:: Data block ::
■ ■ ■ ■ ■

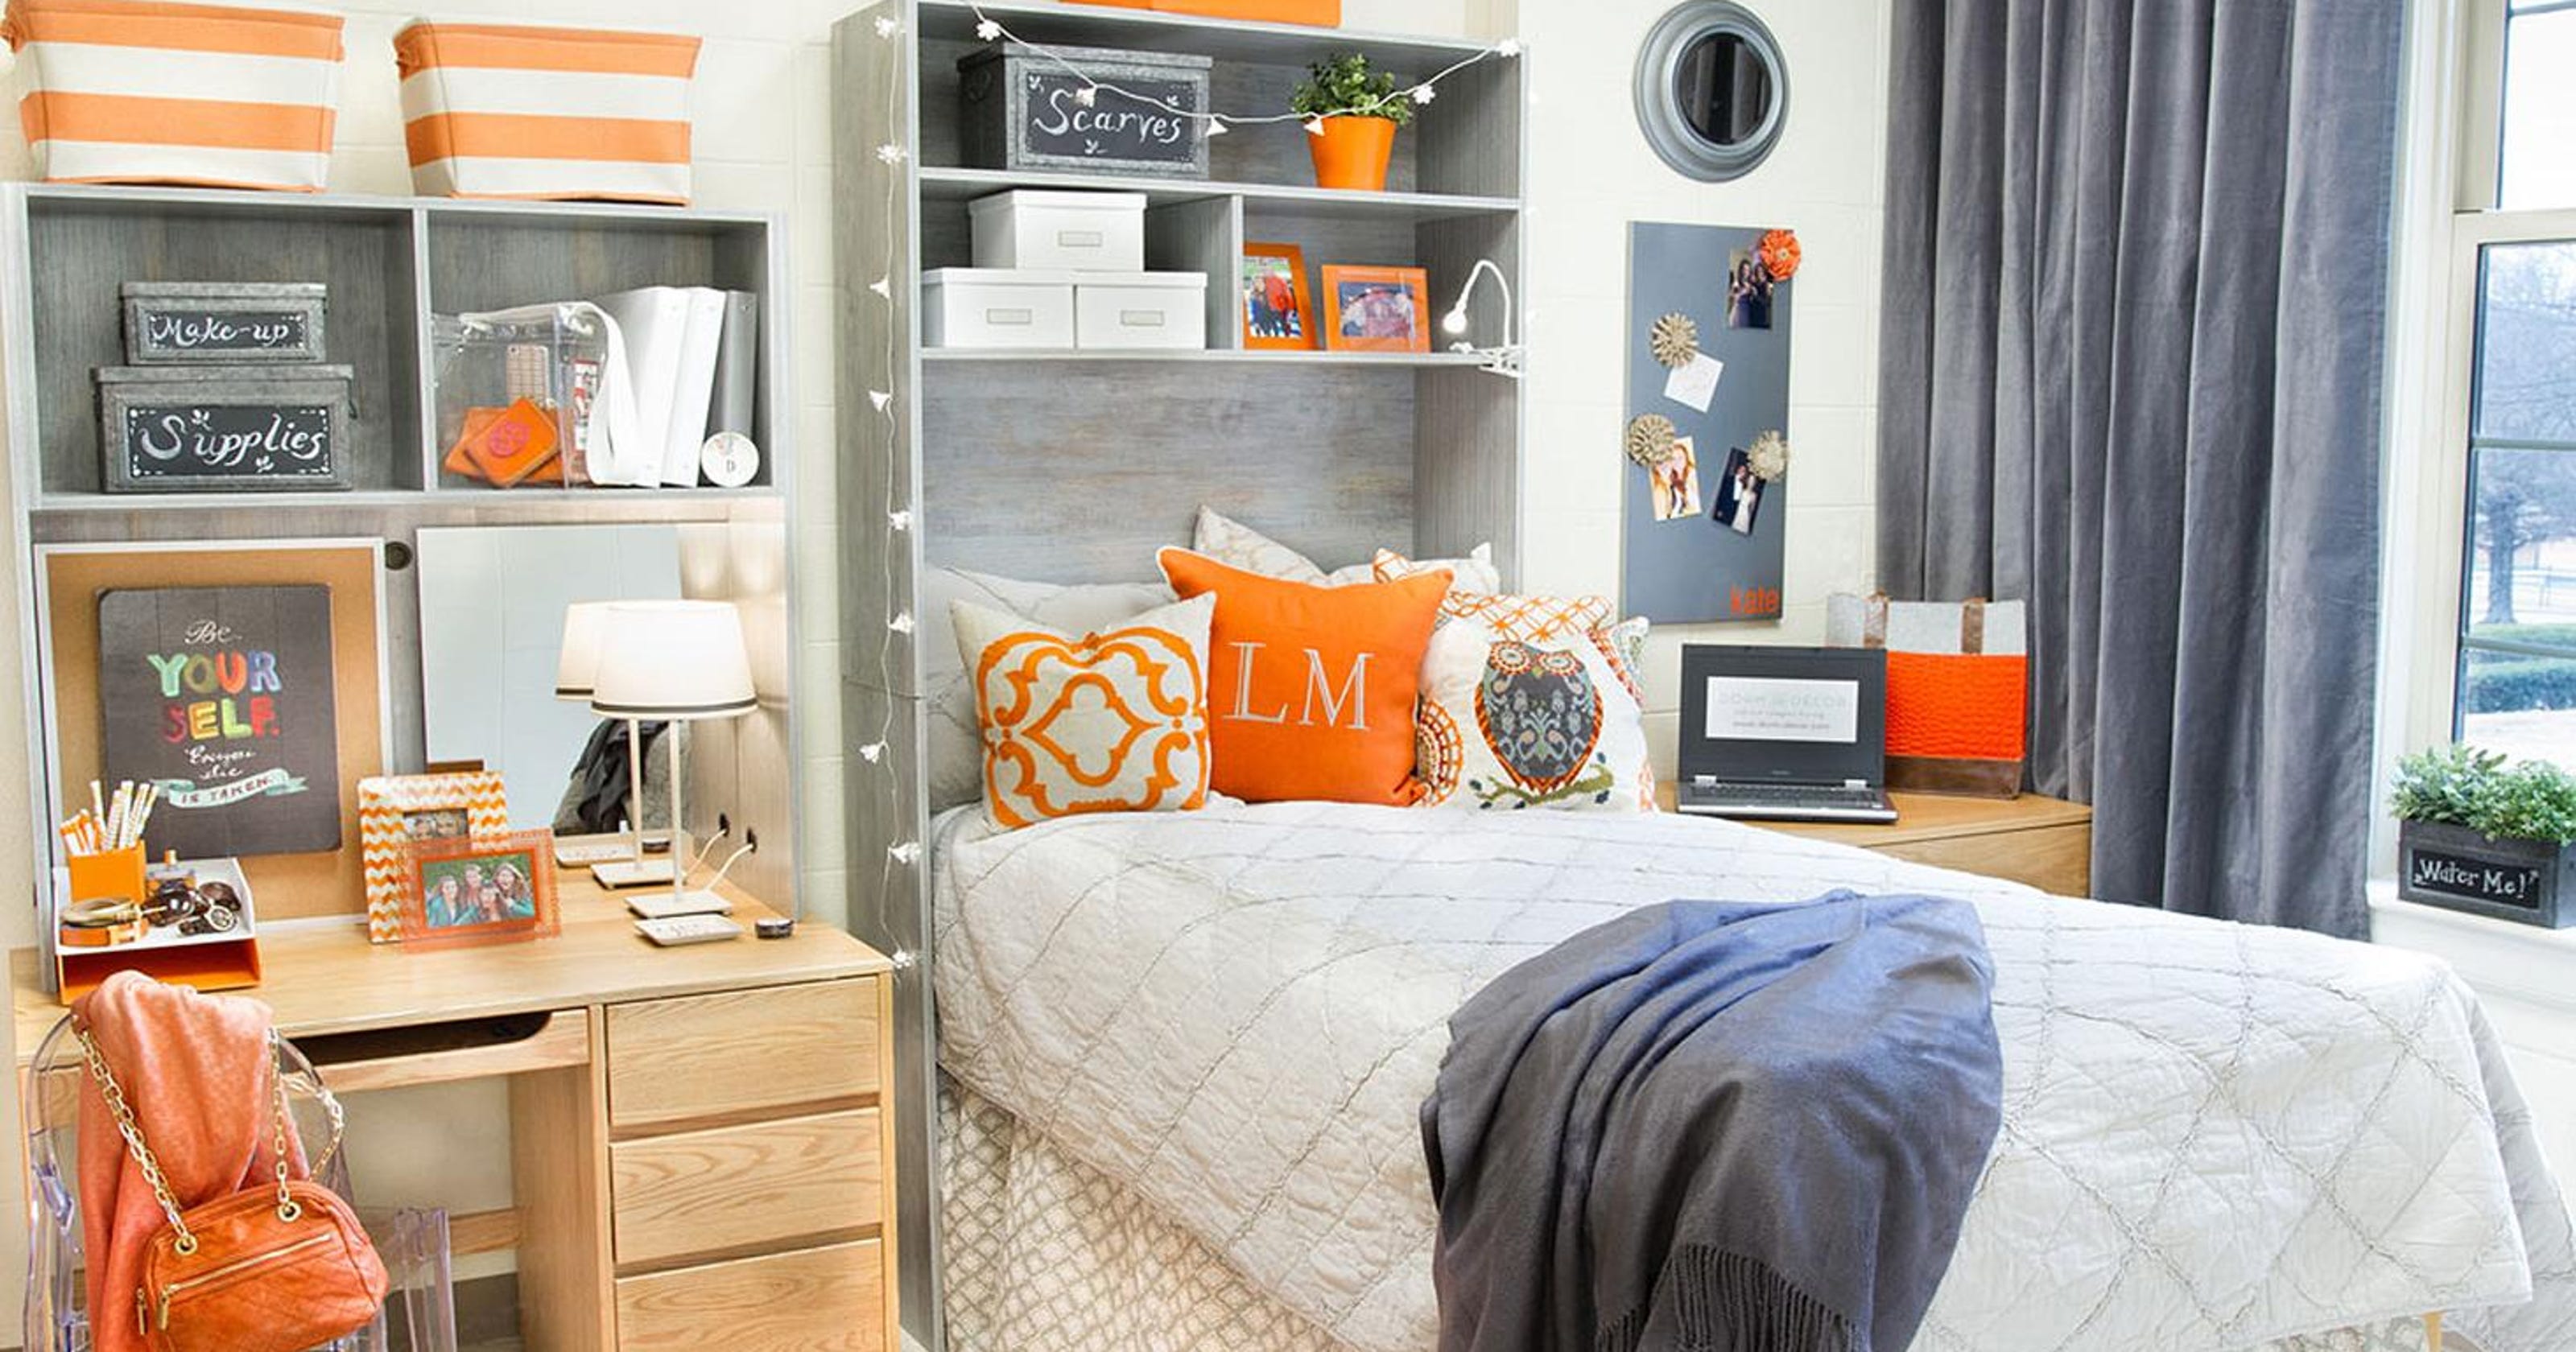 Best tips for decorating dorm rooms with style, storage
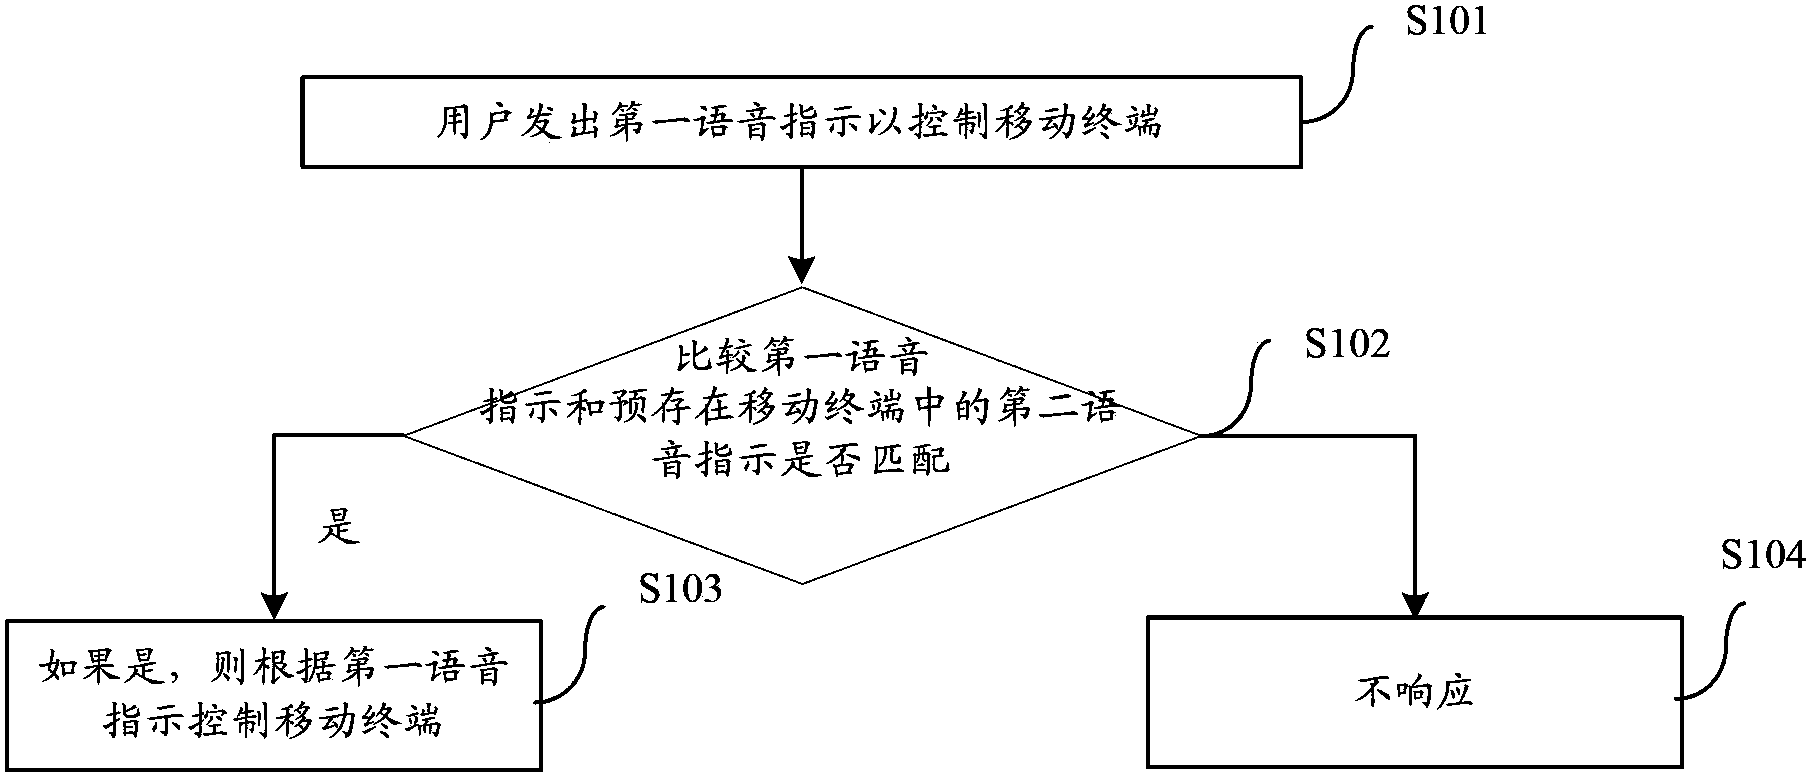 Mobile terminal control method and mobile terminal control device
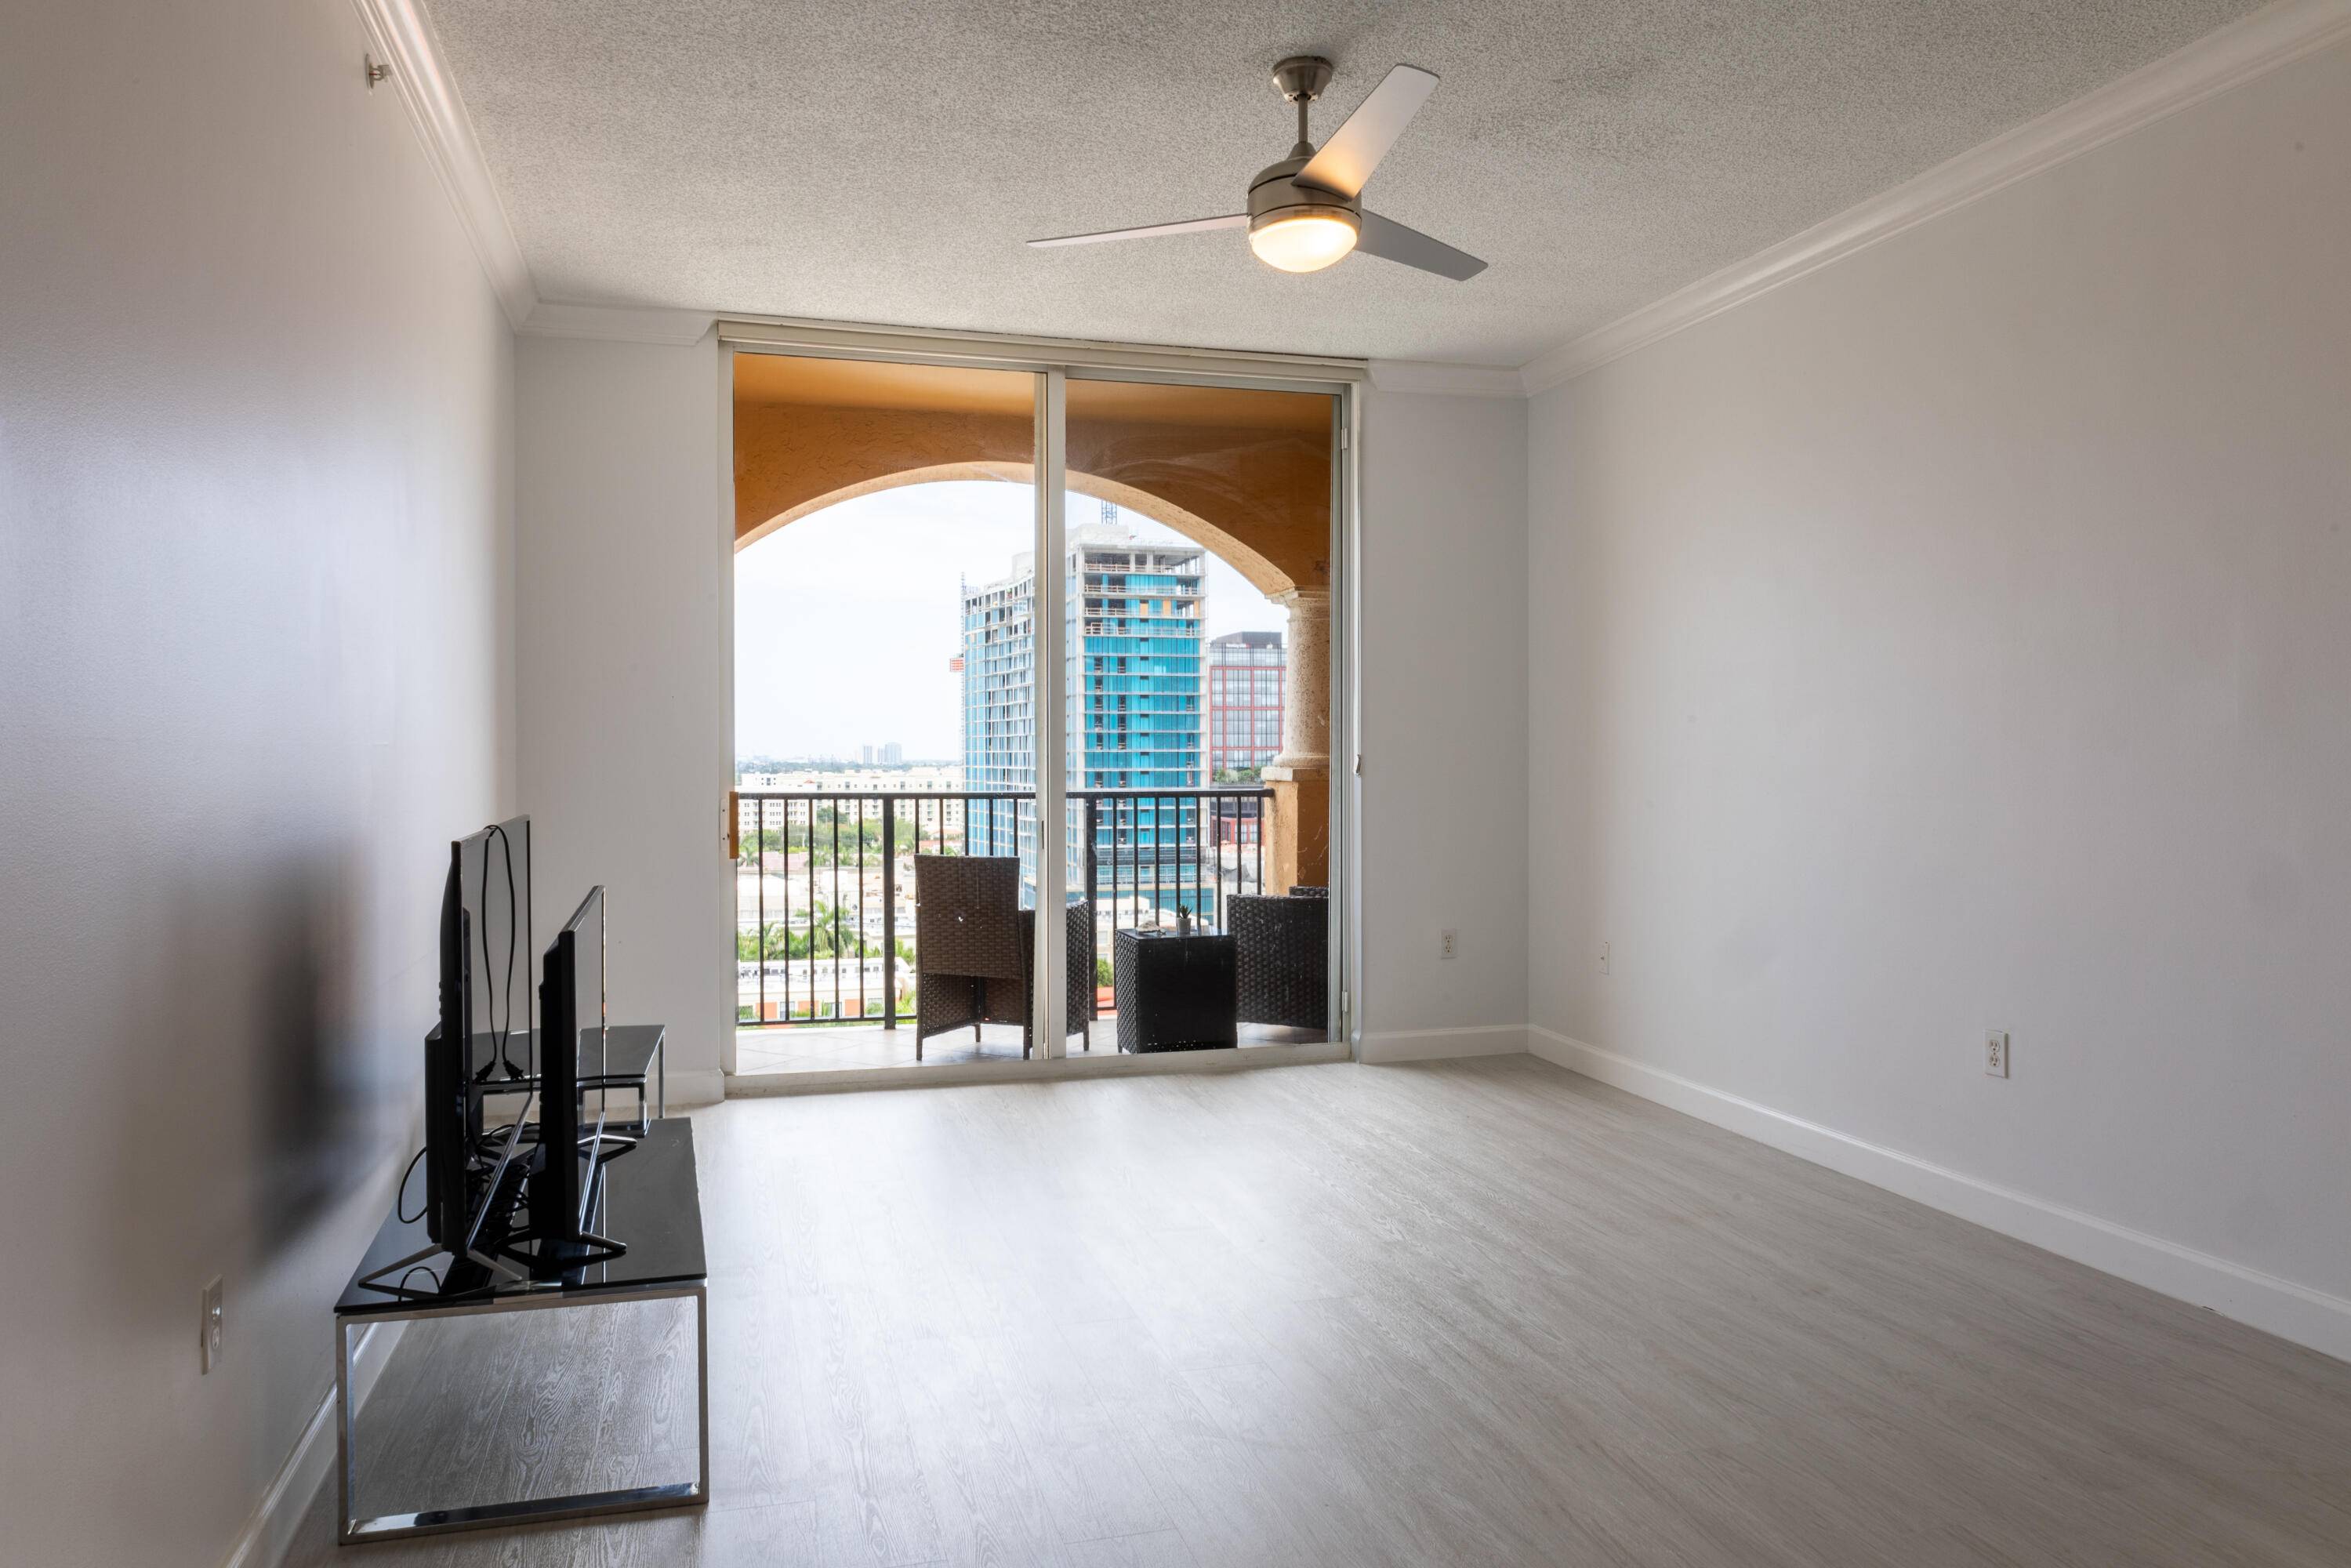 Renovated Furnished Top Floor Penthouse Corner Unit for Rent in the heart of Downtown West Palm, only 8 units on floor.

■ ■ ■ ■ ■

:: Exercise instructions ::
Repeat the listing word for word, but without its pictures.

:: Answer for this exercise ::
 Best tips for decorating dorm rooms with style, storage
 Mobile terminal control method and mobile terminal control device
 Renovated Furnished Top Floor Penthouse Corner Unit for Rent in the heart of Downtown West Palm, only 8 units on floor.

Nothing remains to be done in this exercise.